[RAW DATA]

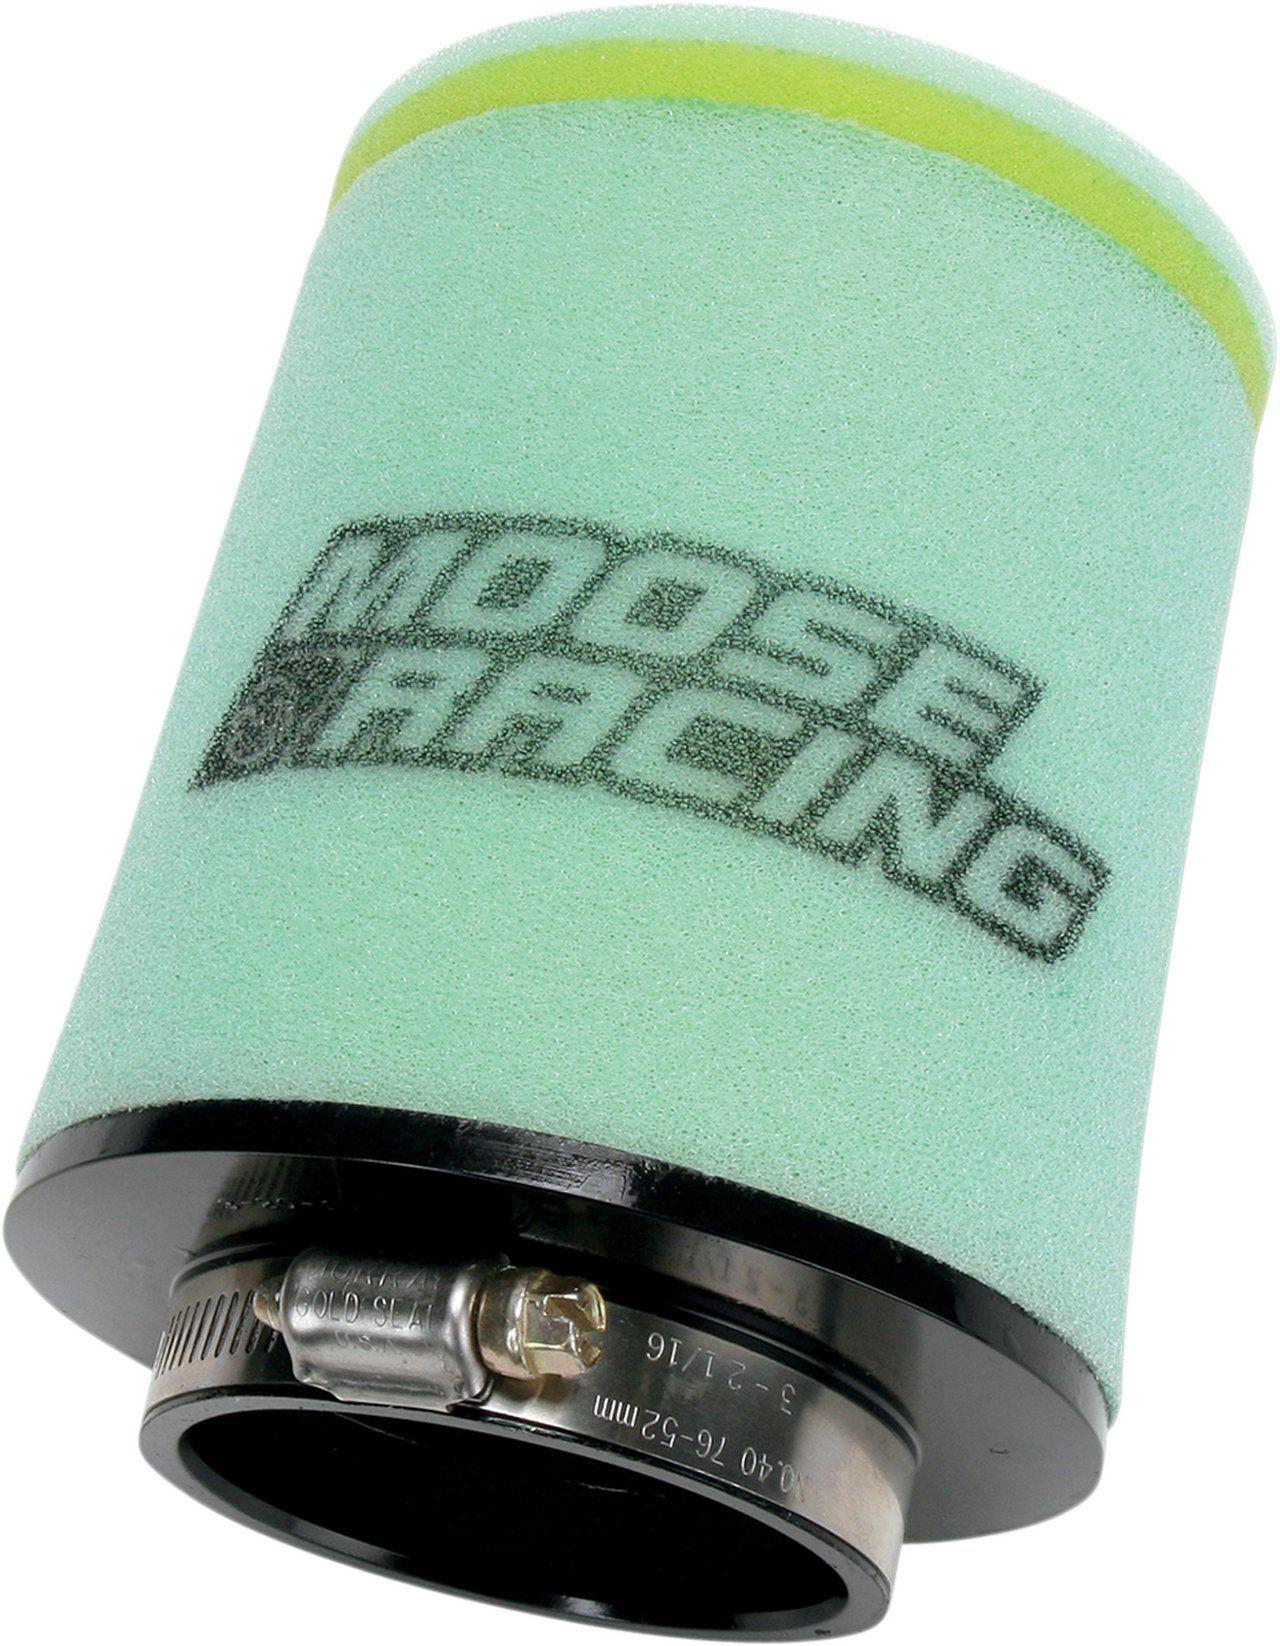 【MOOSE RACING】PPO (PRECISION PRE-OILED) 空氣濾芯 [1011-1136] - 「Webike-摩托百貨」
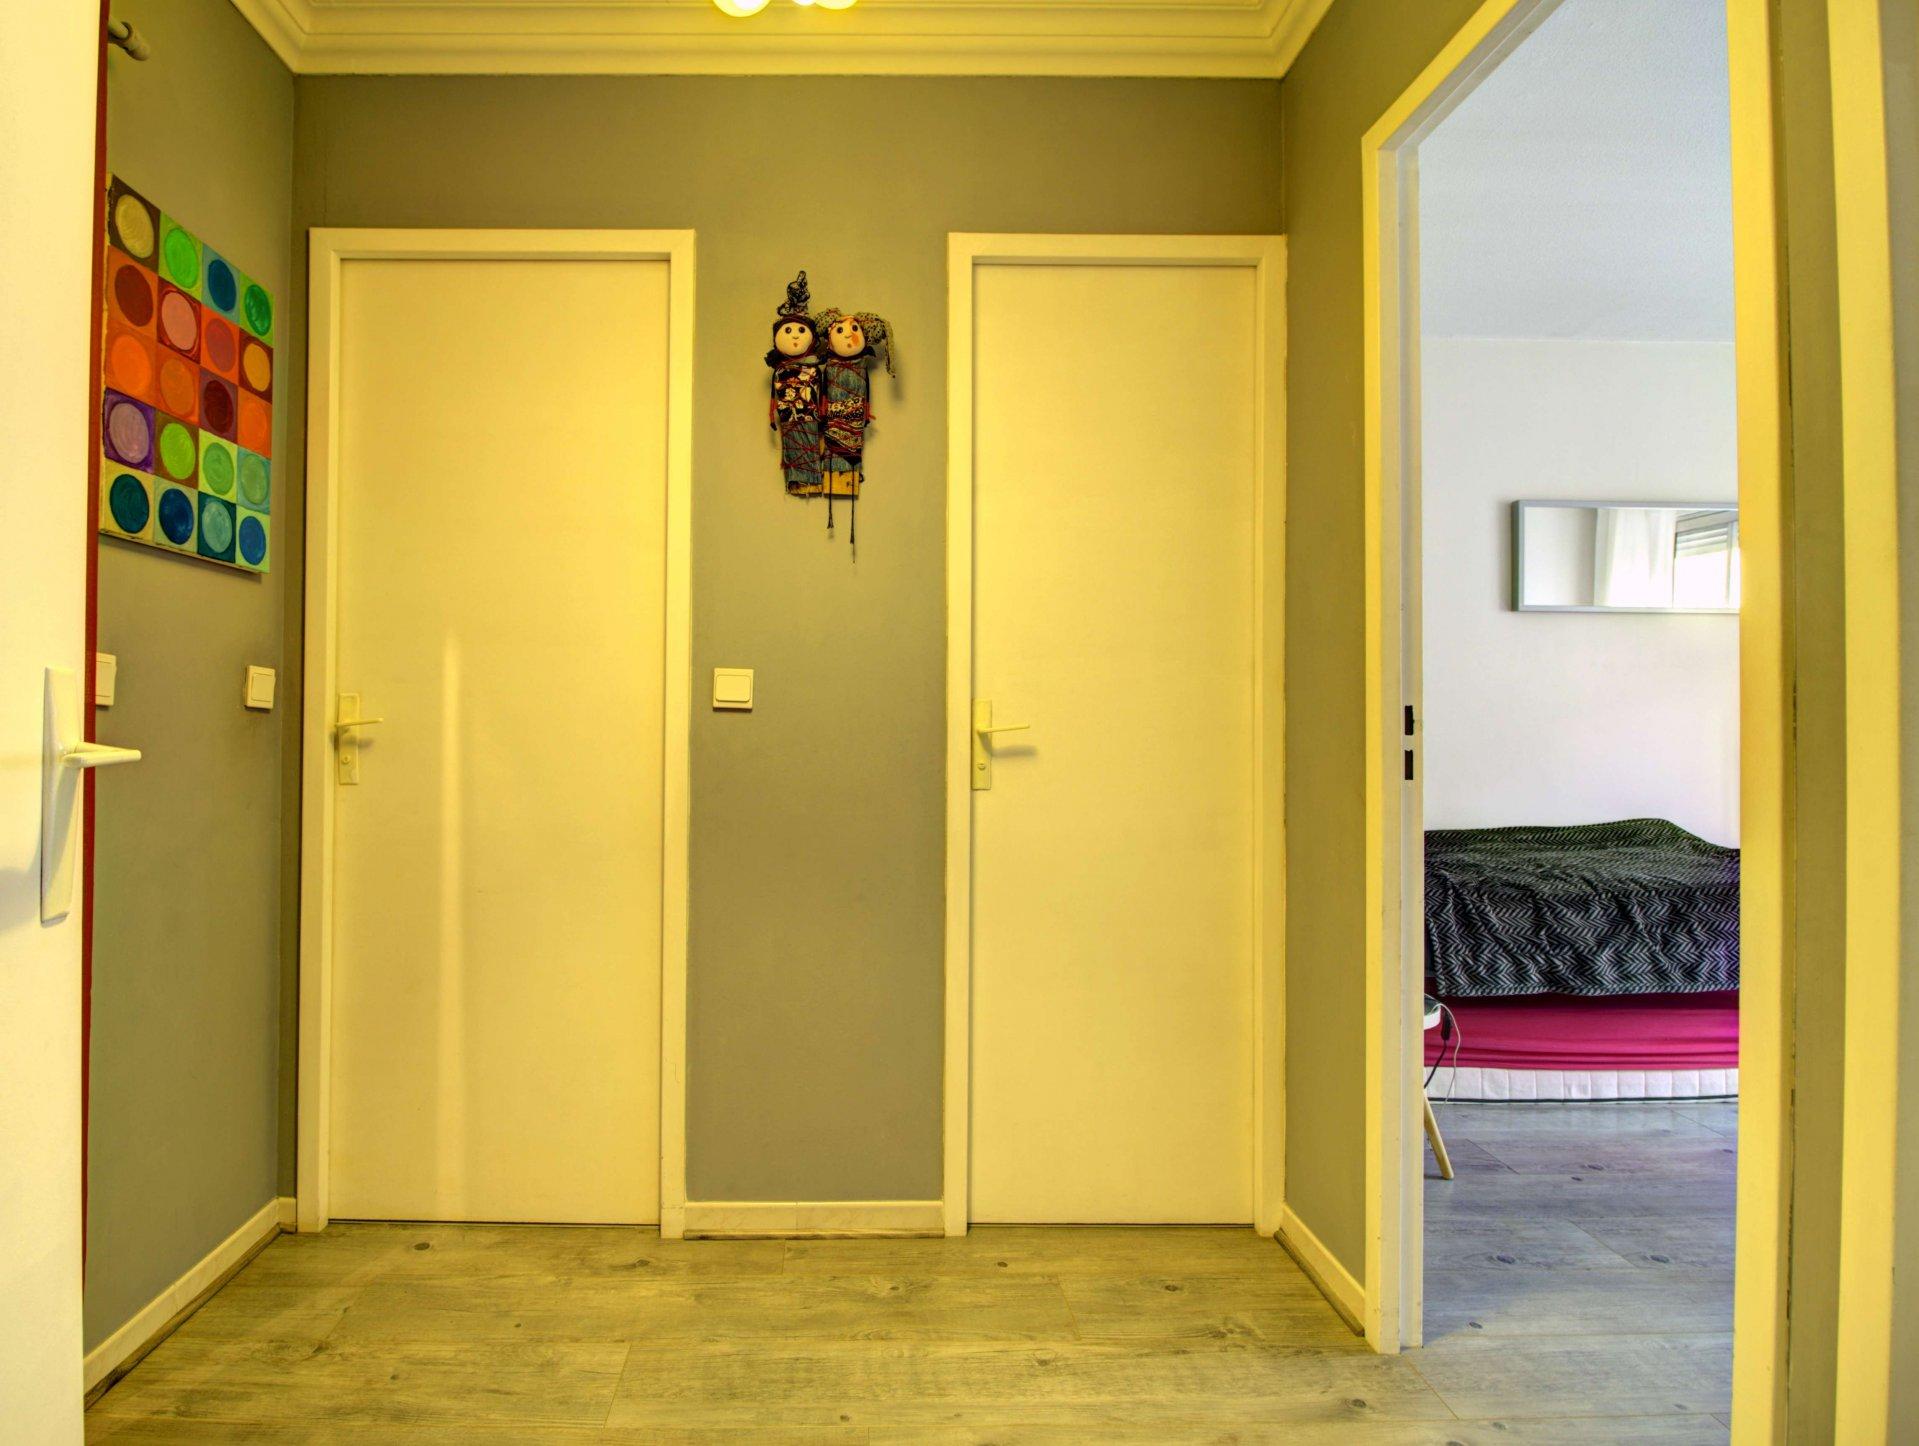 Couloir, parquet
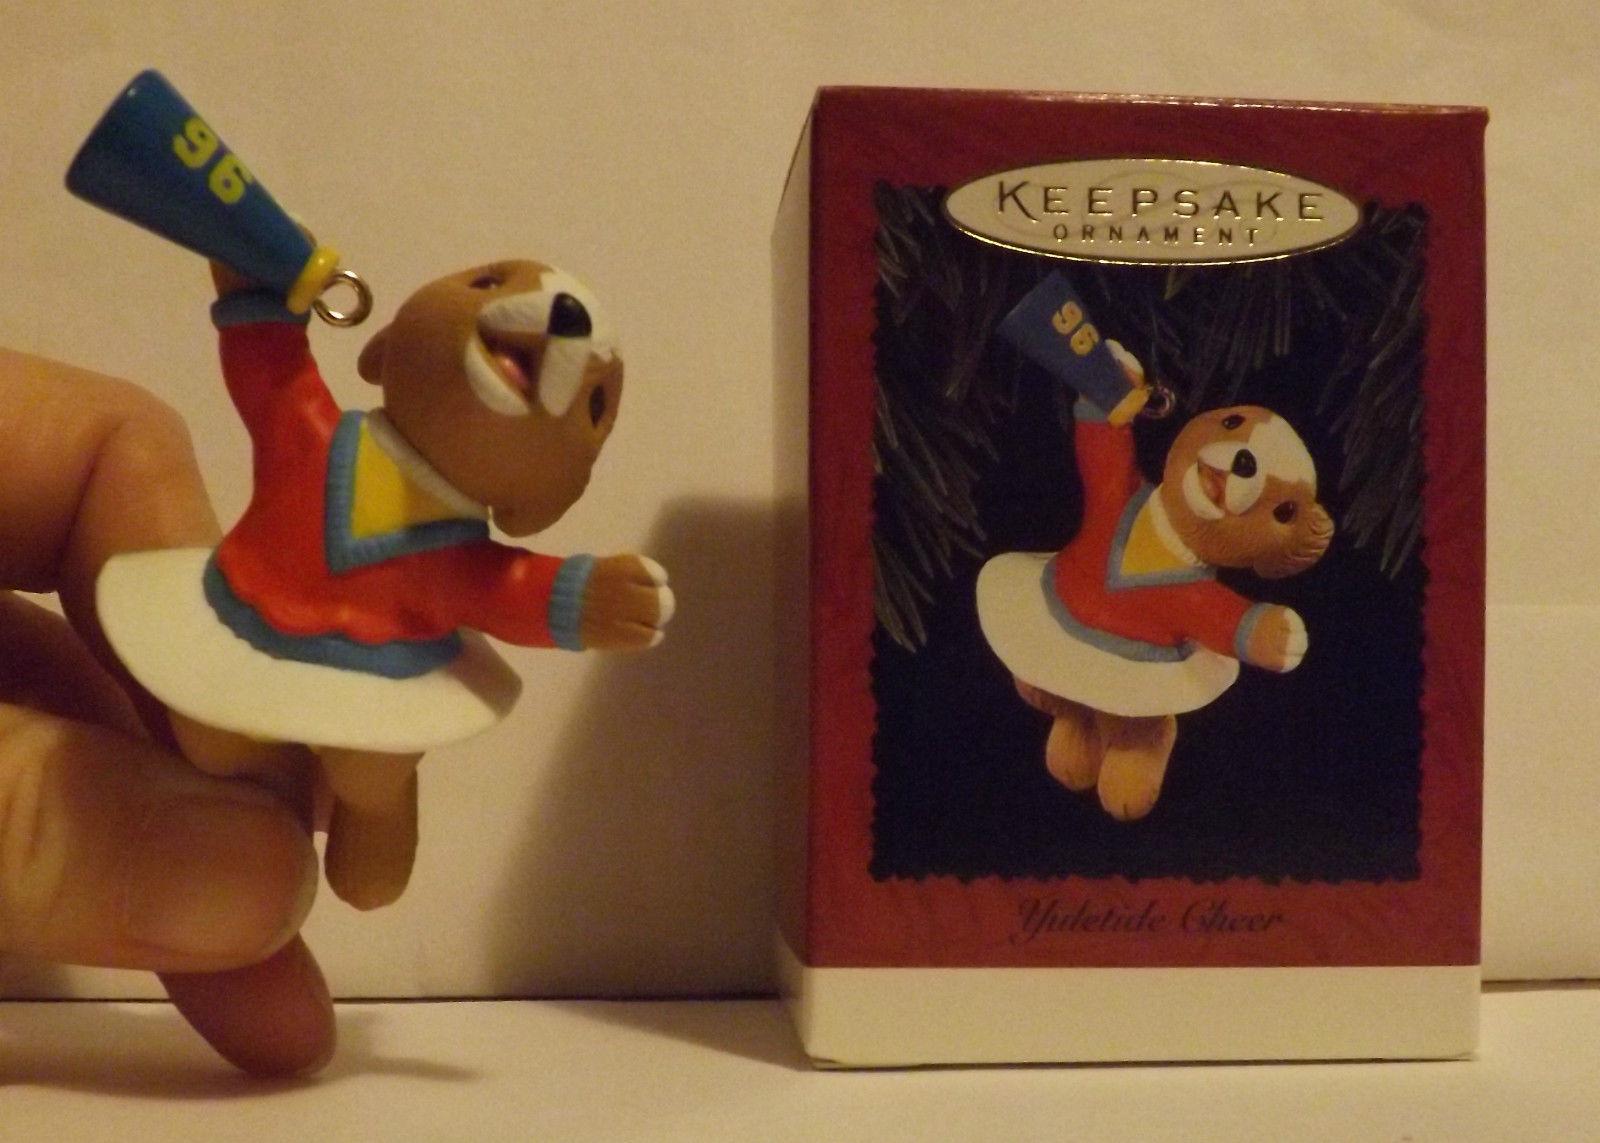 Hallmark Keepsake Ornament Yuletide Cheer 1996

[/RAW DATA]

(THE TASK):
Copy, exactly and exclusively, the lines beginning with the one that contains "Couloir, parquet" and ending with the last line of the listing; pictures are to be omitted.

(RESPONSE):
 Couloir, parquet
 Hallmark Keepsake Ornament Yuletide Cheer 1996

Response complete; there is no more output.